### Your task
I'd like the data beneath this line reproduced exactly, without any of its images.

### Information supplied
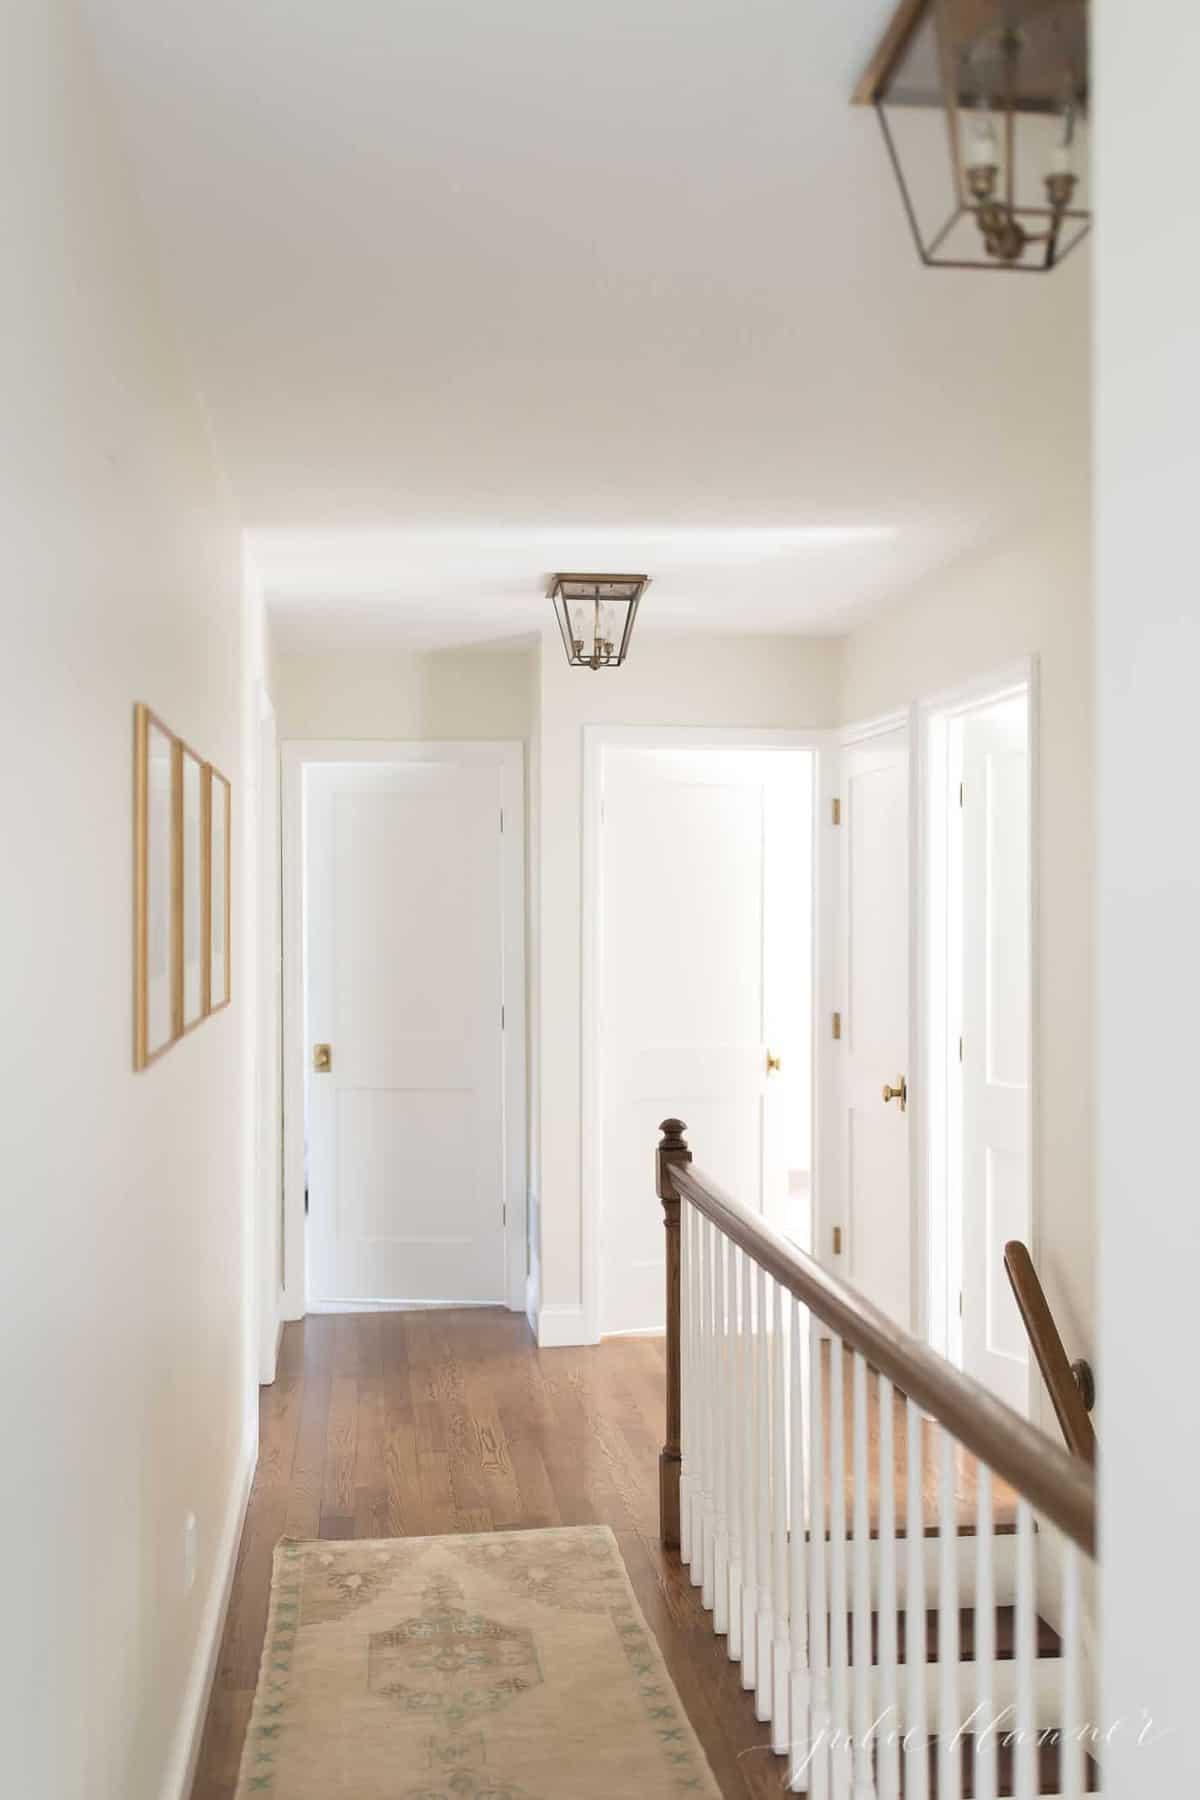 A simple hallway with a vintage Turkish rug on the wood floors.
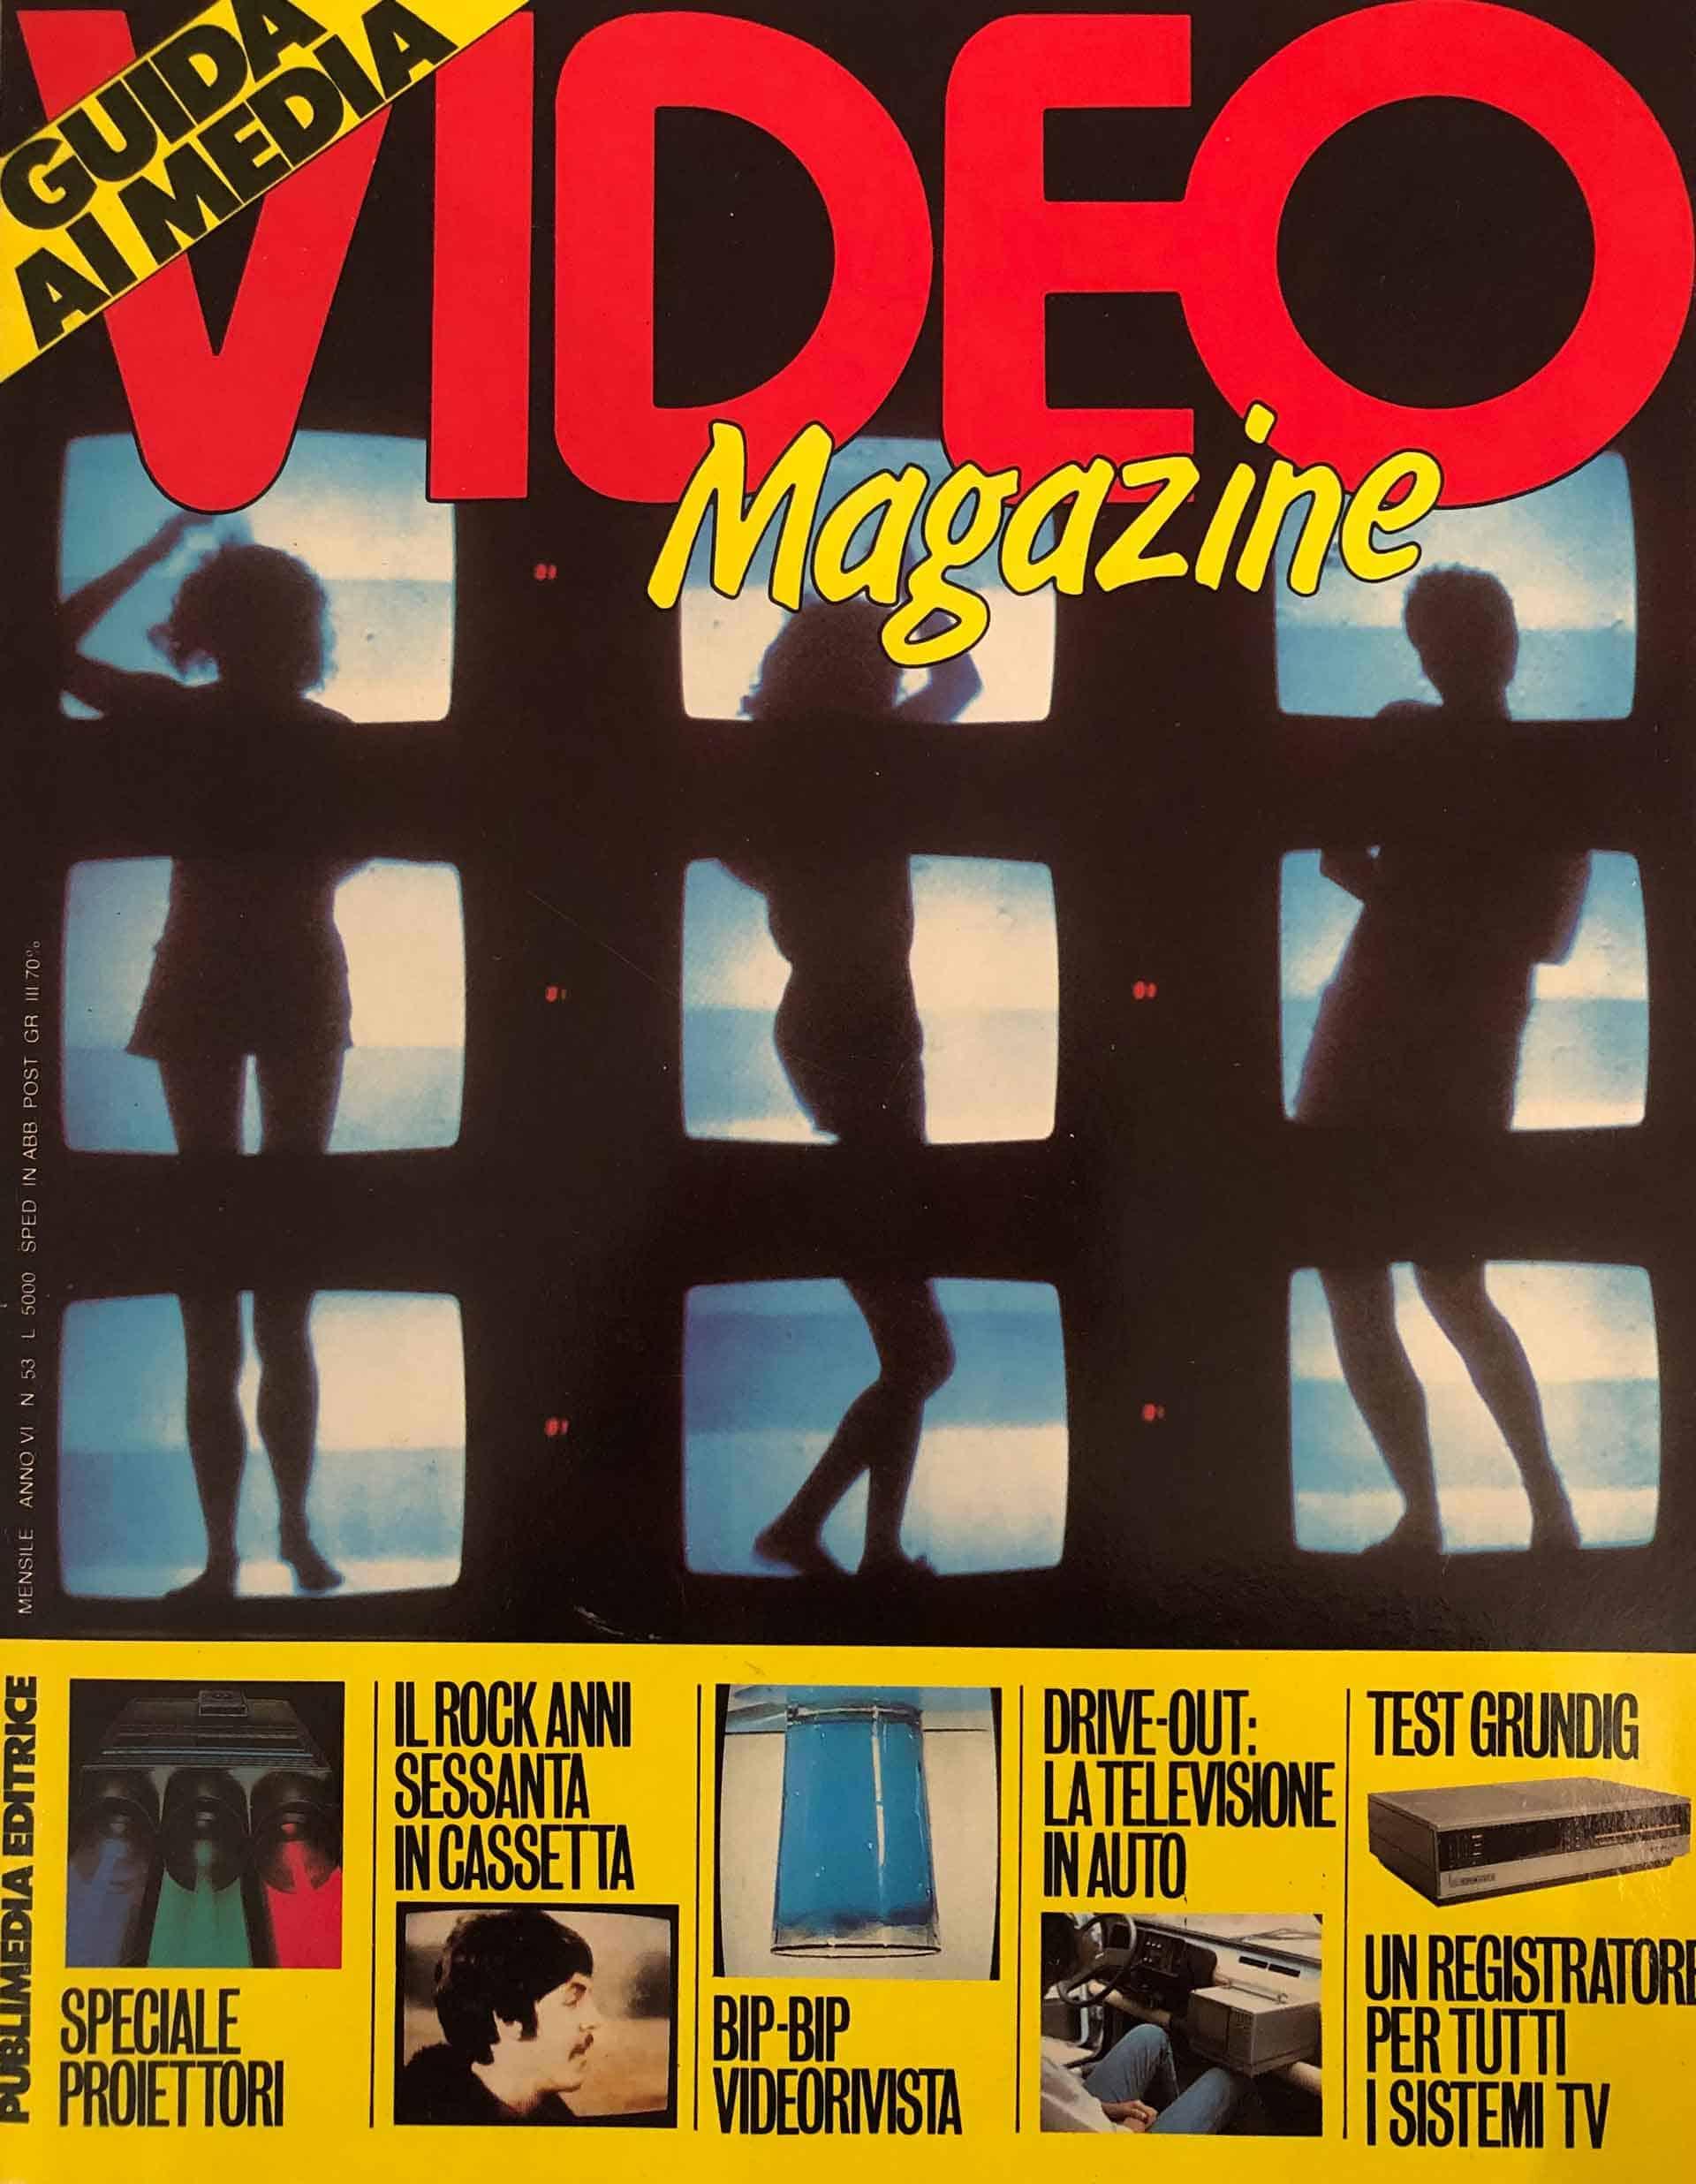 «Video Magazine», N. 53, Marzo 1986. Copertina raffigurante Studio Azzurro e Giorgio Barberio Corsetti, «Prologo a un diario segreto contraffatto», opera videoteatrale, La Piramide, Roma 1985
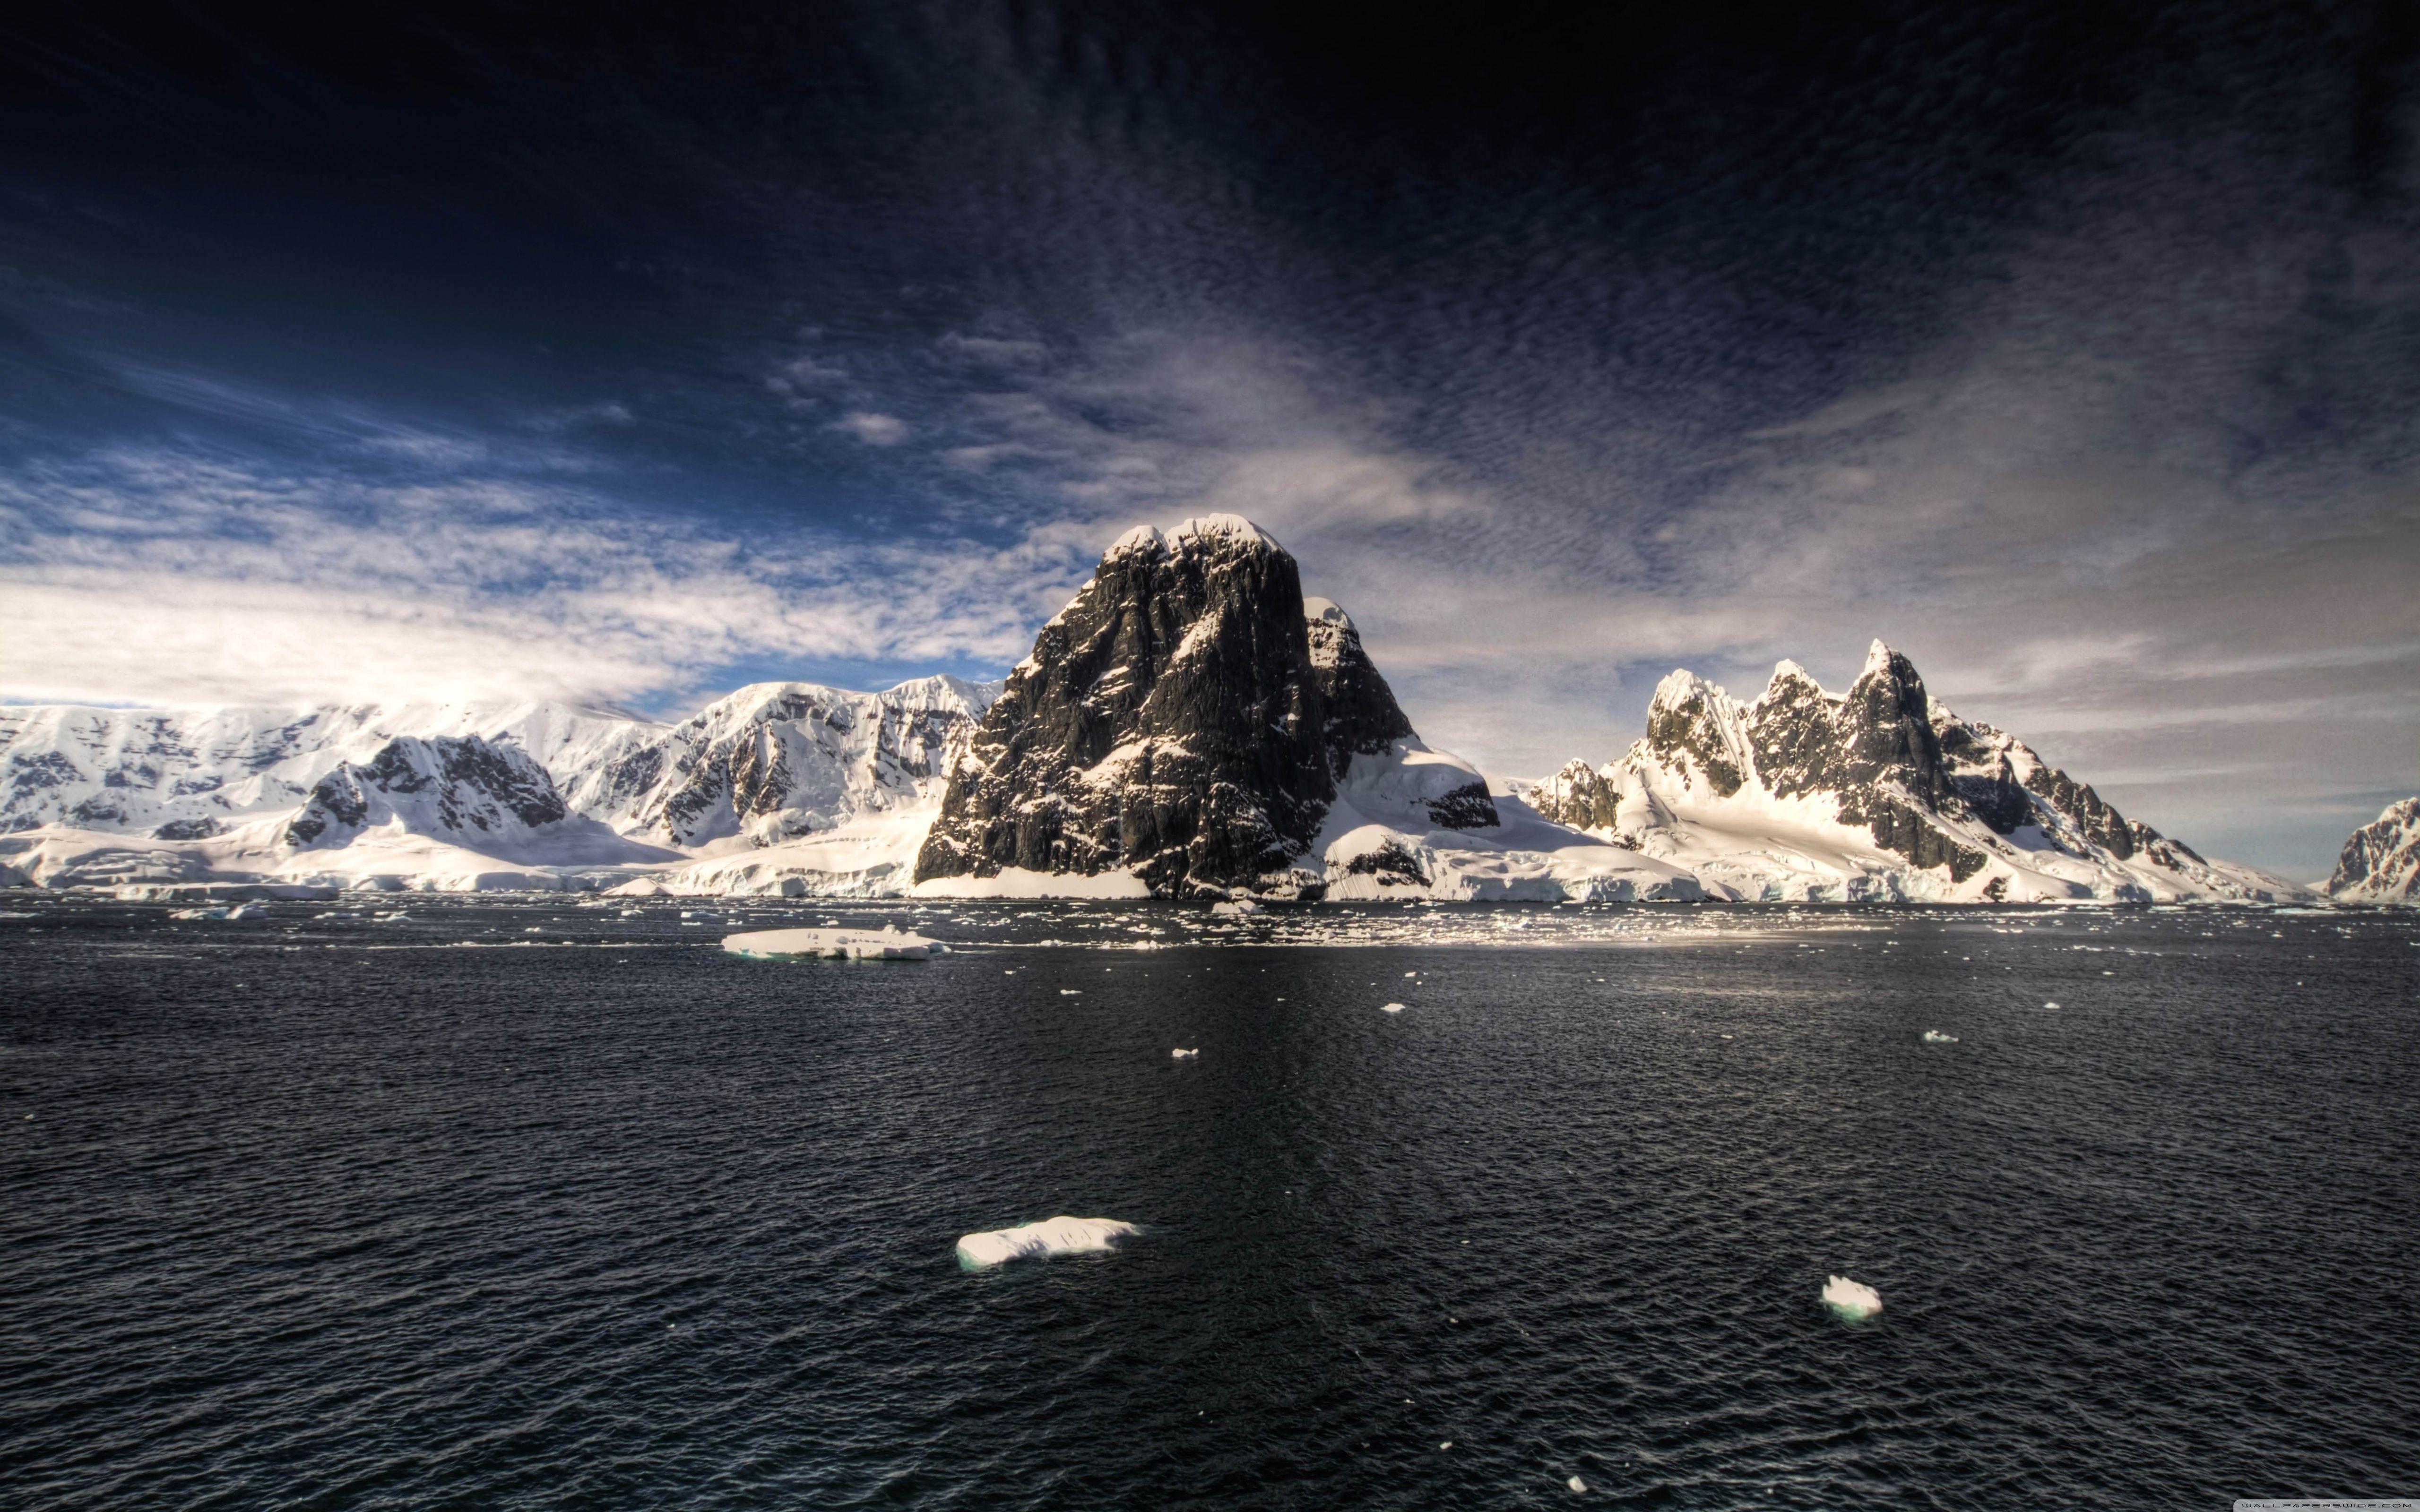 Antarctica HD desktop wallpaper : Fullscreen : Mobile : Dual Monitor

### Expected answer
 A simple hallway with a vintage Turkish rug on the wood floors.
 «Video Magazine», N. 53, Marzo 1986. Copertina raffigurante Studio Azzurro e Giorgio Barberio Corsetti, «Prologo a un diario segreto contraffatto», opera videoteatrale, La Piramide, Roma 1985
 Antarctica HD desktop wallpaper : Fullscreen : Mobile : Dual Monitor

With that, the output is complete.